The paintings are the most commercially successful part of the artist’s oeuvre, with some of them fetching millions of dollars. However, Kabakov excelled the most in his installations. Installed in museums in the US and Europe, they serve as a teleportation device to the Soviet world for viewers with different mentalities, histories, and cultures.

School No. 6

One such installation is “School No. 6” created by Kabakov in 1993 for the Chinati Foundation, a contemporary art museum in Marfa, Texas. The invitation to construct a permanent installation came from the founder and ideologue of the museum, renowned minimalist artist Donald Judd.

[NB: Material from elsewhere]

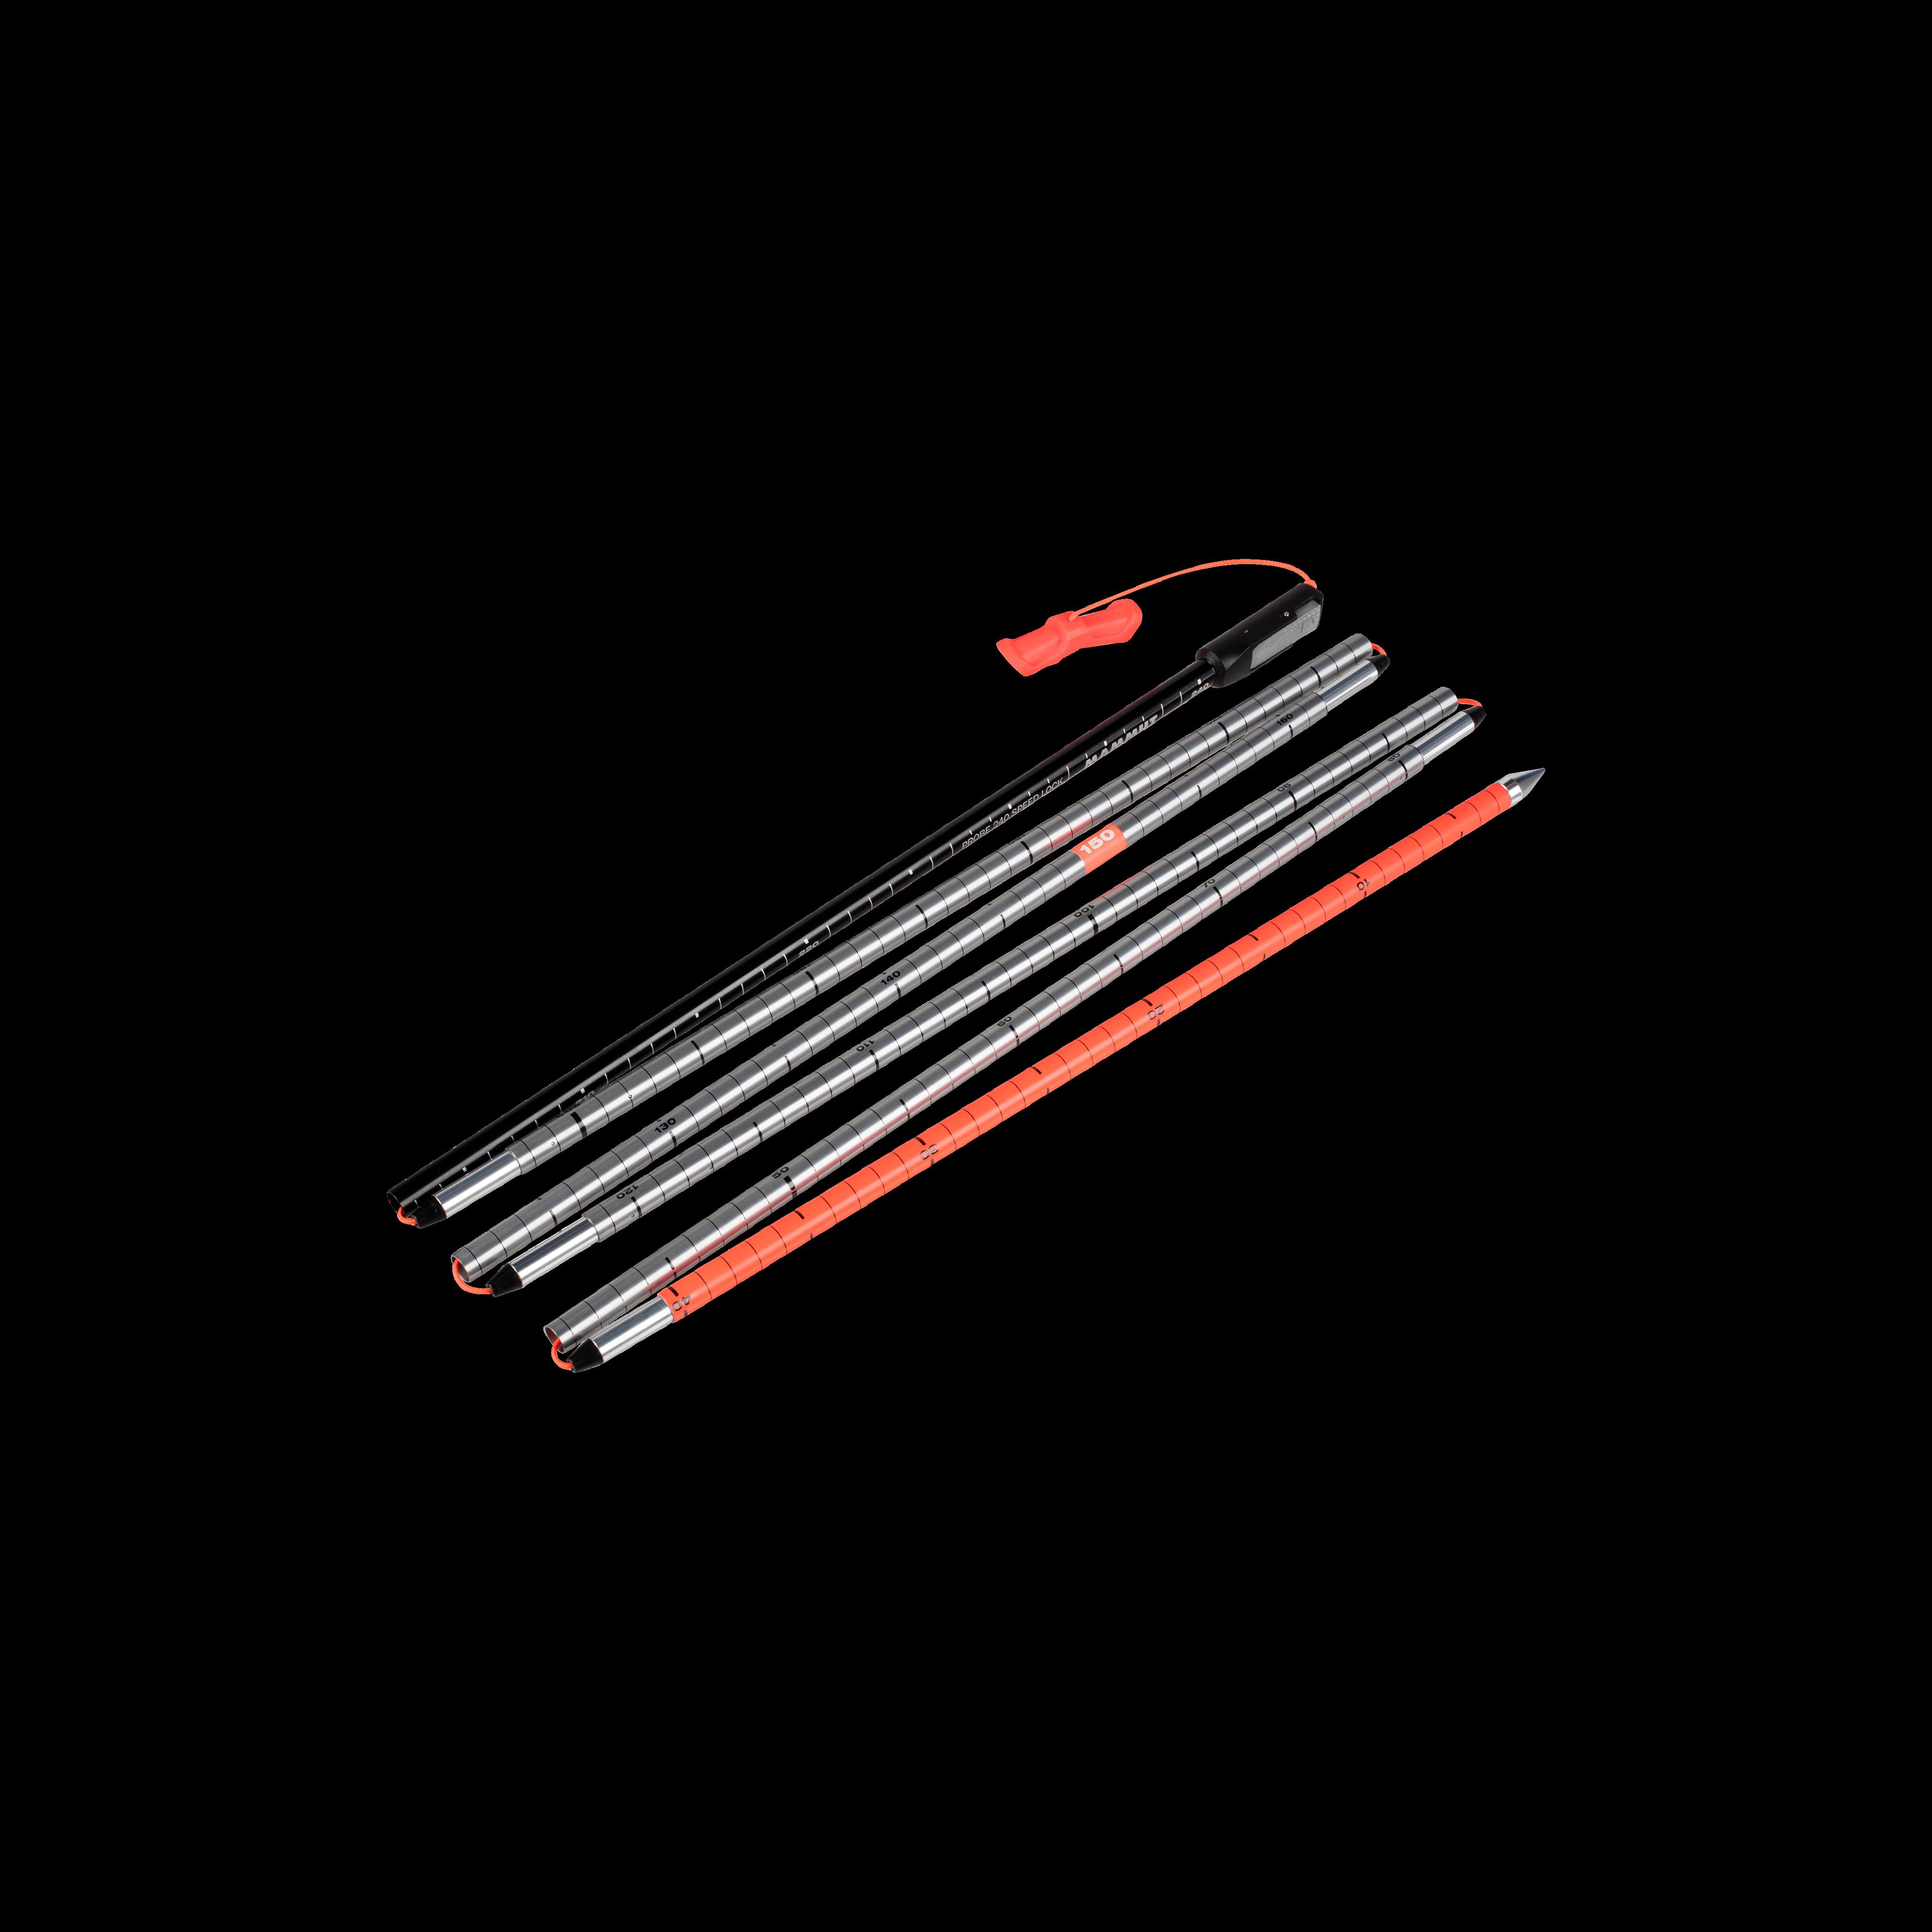 Probe 240 speed lock - neon orange, one size thumbnail

Amidst the collection of minimalist sculptures in the Texas desert, the model of an old Soviet school appears quite exotic. The installation occupies an entire building, weathered and worn on the outside and inside. Everything here is abandoned and dilapidated: the courtyard overgrown with weeds, the classrooms furnished with typical Soviet desks, yellowed lesson schedules and portraits of Lenin on the walls, scattered books on the floor. These items were brought by the Kabakovs from the former USSR. The school represents an instrument of the Soviet state. Following the artist’s instructions, any form of maintenance or repair of the building is strictly prohibited. He regarded this object as a landmark and artifact of the Soviet regime, destined to self-destruct over time.

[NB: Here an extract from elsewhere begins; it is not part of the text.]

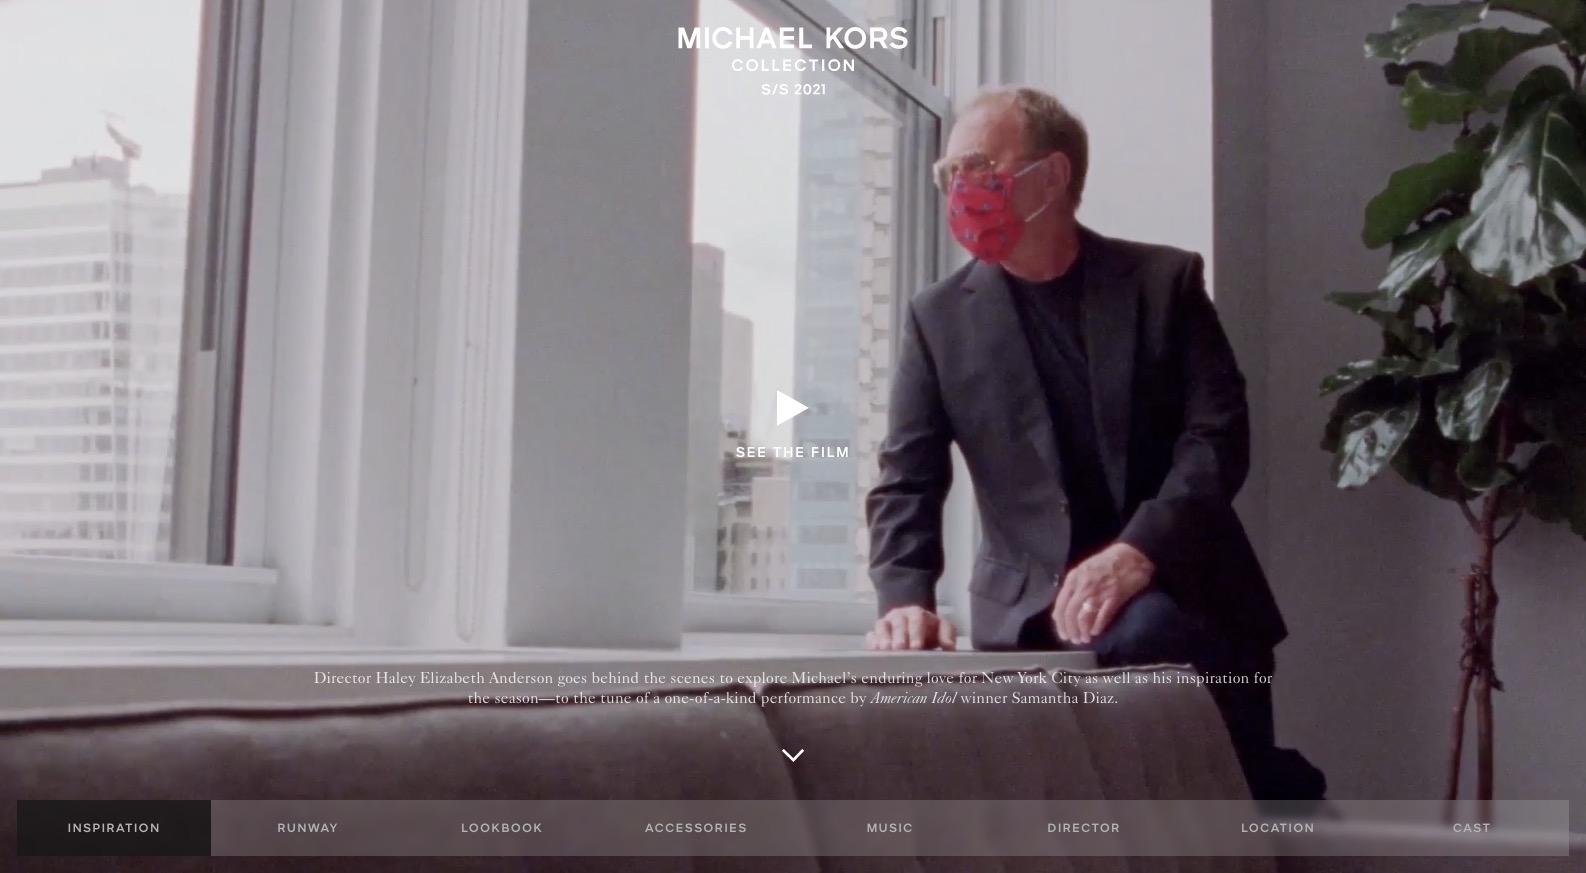 screenshot of michael kors' collection page

A permanent installation representing a Soviet school. Created by the artist for the Chinati Foundation, a contemporary art museum in Marfa, Texas. Photo: Florian Holzherr, Chinati Foundation.
A permanent installation representing a Soviet school. Created by the artist for the Chinati Foundation, a contemporary art museum in Marfa, Texas. Photo: Florian Holzherr, Chinati Foundation.

The Red Pavilion

In 1993, while representing Russia at the Venice Biennale, the Kabakovs created an installation that is a miniature replica of the existing Soviet Pavilion in Venice. In terms of size, their structure resembles a small shed, emphasizing its pitiful nature. However, it is solemnly adorned with all the important attributes of the Soviet era: the sickle and hammer, the red star, flags, and festive slogans grace the pink building.

To see the Red Pavilion, visitors had to navigate through a maze of planks and construction materials. Created shortly after the dissolution of the Soviet Union, this installation served as a reminder that the Soviet regime had not disappeared but rather lurked in the shadows.

Created shortly after the dissolution of the Soviet Union, this installation served as a reminder that the Soviet regime had not disappeared but rather lurked in the shadows.

Other installations by Kabakov, installed in museums around the world, have also become monuments to the dangerous state hidden behind the mask of modernity. “The Red Pavilion has returned,” said Emilia Kabakov in one of her recent interviews, referring to contemporary Russia.